Many countries ban insurers from using genetic test results in underwriting. One study [Howard, R. C. W. (2014). Report to CIA research committee: Genetic testing model: If the underwriters had no access to known results. Canadian Institute of Actuaries (CIA).] stated that such a ban in Canada would expose life insurers to adverse selection, causing premiums to increase by 12%. More than a quarter of this cost was attributable to a single disorder, Arrhythmogenic Right Ventricular Cardiomyopathy (ARVC). We model ARVC in a life insurance market, following the methodology of [Haçarız, O., Kleinow, T. & Macdonald, A. S. (2021). Genetics, insurance and hypertrophic cardiomyopathy. Scandinavian Actuarial Journal 2021, 54–81.], including ‘cascade’ genetic testing (CGT), so the rôle of family history in underwriting is modelled explicitly. We review (in the Appendix) the published epidemiology of ARVC, in particular the existence of an effective treatment, which we also include in our model. Our results are consistent with those of [Macdonald, A. S. & Yu, F. (2011). The impact of genetic information on the insurance industry: Conclusions from the ‘bottom-up’ modelling programme. Astin Bulletin 41(02), 343–376.] and [Haçarız, O., Kleinow, T. & Macdonald, A. S. (2021). Genetics, insurance and hypertrophic cardiomyopathy. Scandinavian Actuarial Journal 2021, 54–81.], namely, that in realistic scenarios premium increases would be negligible. We also consider the possibility of life settlement companies ‘gaming’ insurers by learning of adverse genetic test results, and conclude that to profit from purchasing policies from affected individuals, they would have to predict the future trajectory of the epidemiology of ARVC better than the epidemiologists themselves.

许多国家禁止保险公司在承保中使用基因检测结果。
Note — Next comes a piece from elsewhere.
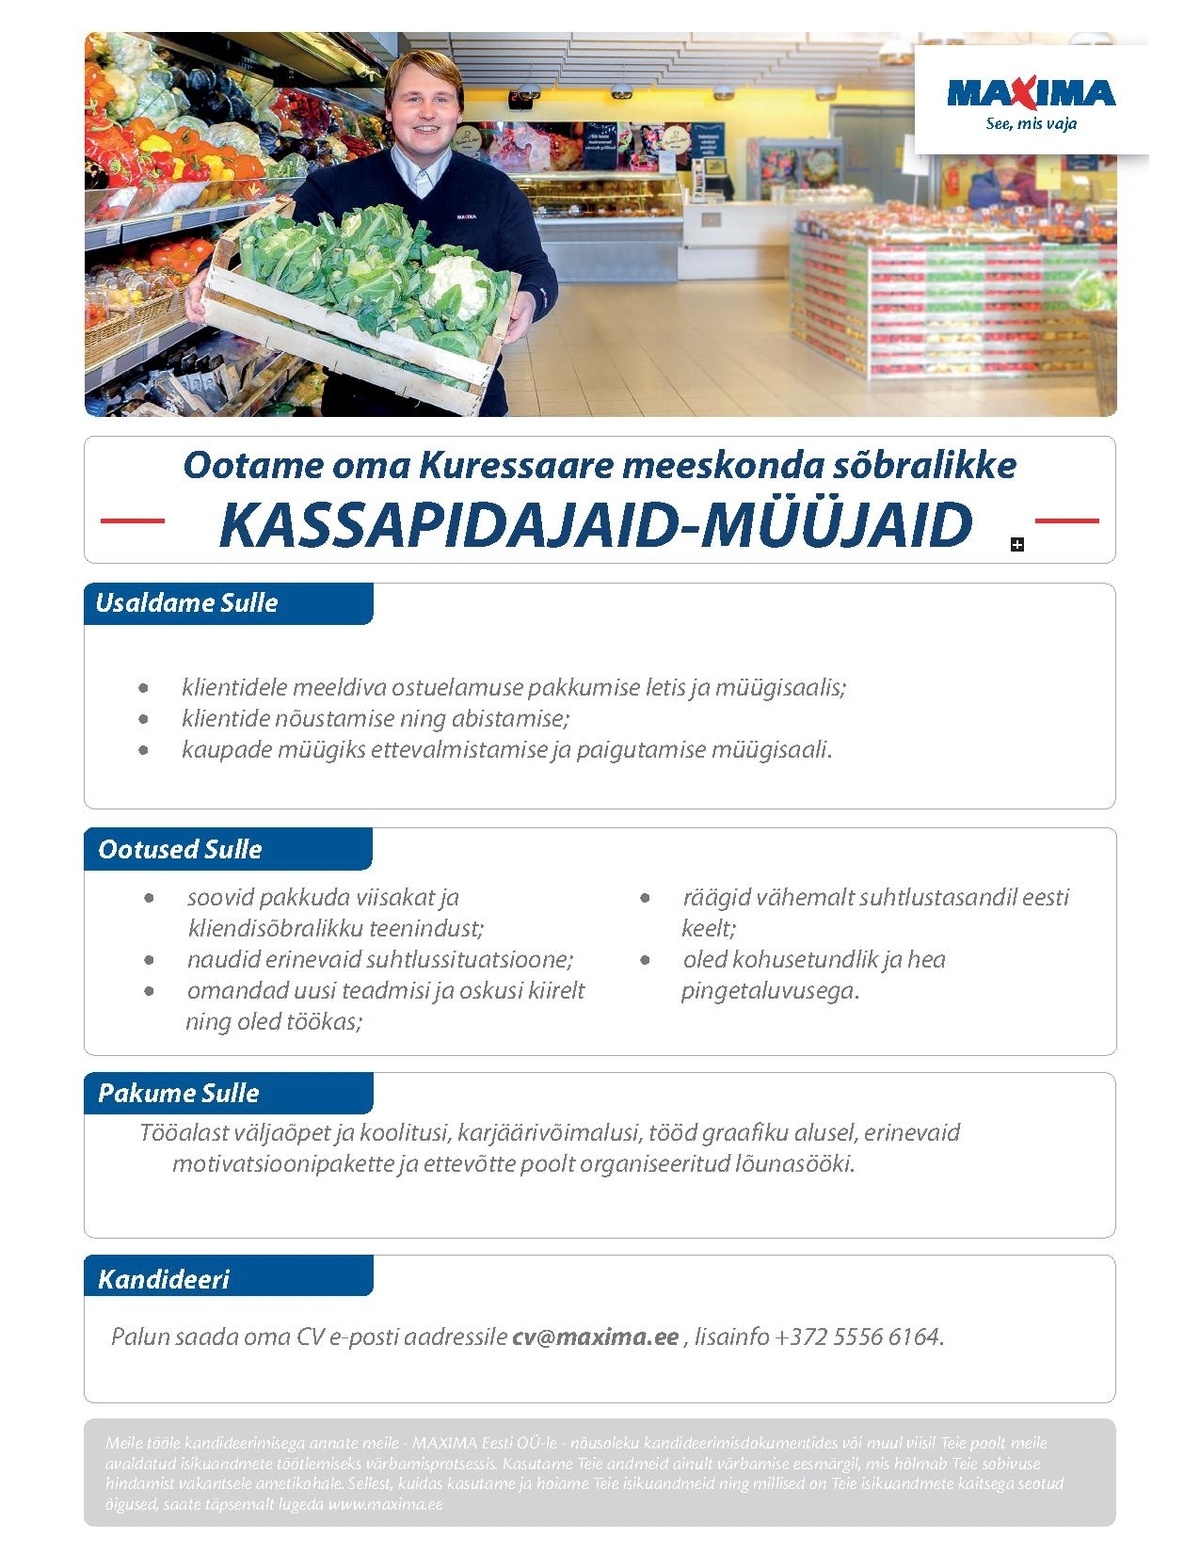 Maxima Eesti OÜ Kassapidaja-müüja Kuressaare Maximas

一项研究 [霍华德，RCW (2014)。向 CIA 研究委员会报告：基因检测模型：如果承销商无法获得已知结果。加拿大精算师协会 (CIA)。] 表示，加拿大的此类禁令将使人寿保险公司面临逆向选择，导致保费增加 12%。超过四分之一的成本归因于单一疾病，即致心律失常性右心室心肌病 (ARVC)。我们遵循 [Haçarız, O., Kleinow, T. & Macdonald, AS (2021) 的方法，对人寿保险市场中的 ARVC 进行建模。遗传学、保险和肥厚型心肌病。斯堪的纳维亚精算杂志2021, 54–81.]，包括“级联”基因检测 (CGT)，因此明确模拟了家族史在承保中的作用。我们回顾（在附录中）已发表的 ARVC 流行病学，特别是有效治疗方法的存在，我们也将其包括在我们的模型中。我们的结果与 [Macdonald, AS & Yu, F. (2011) 的结果一致。遗传信息对保险业的影响：“自下而上”建模计划的结论。Astin Bulletin 41 (02), 343–376.] 和 [Haçarız, O., Kleinow, T. & Macdonald, AS (2021)。遗传学、保险和肥厚型心肌病。斯堪的纳维亚精算杂志2021, 54–81.]，也就是说，在现实情况下，保费增加可以忽略不计。我们还考虑了寿险公司通过了解不利的基因检测结果来“博弈”保险公司的可能性，并得出结论，要从受影响个人的购买保单中获利，他们必须比流行病学家更好地预测 ARVC 流行病学的未来轨迹他们自己。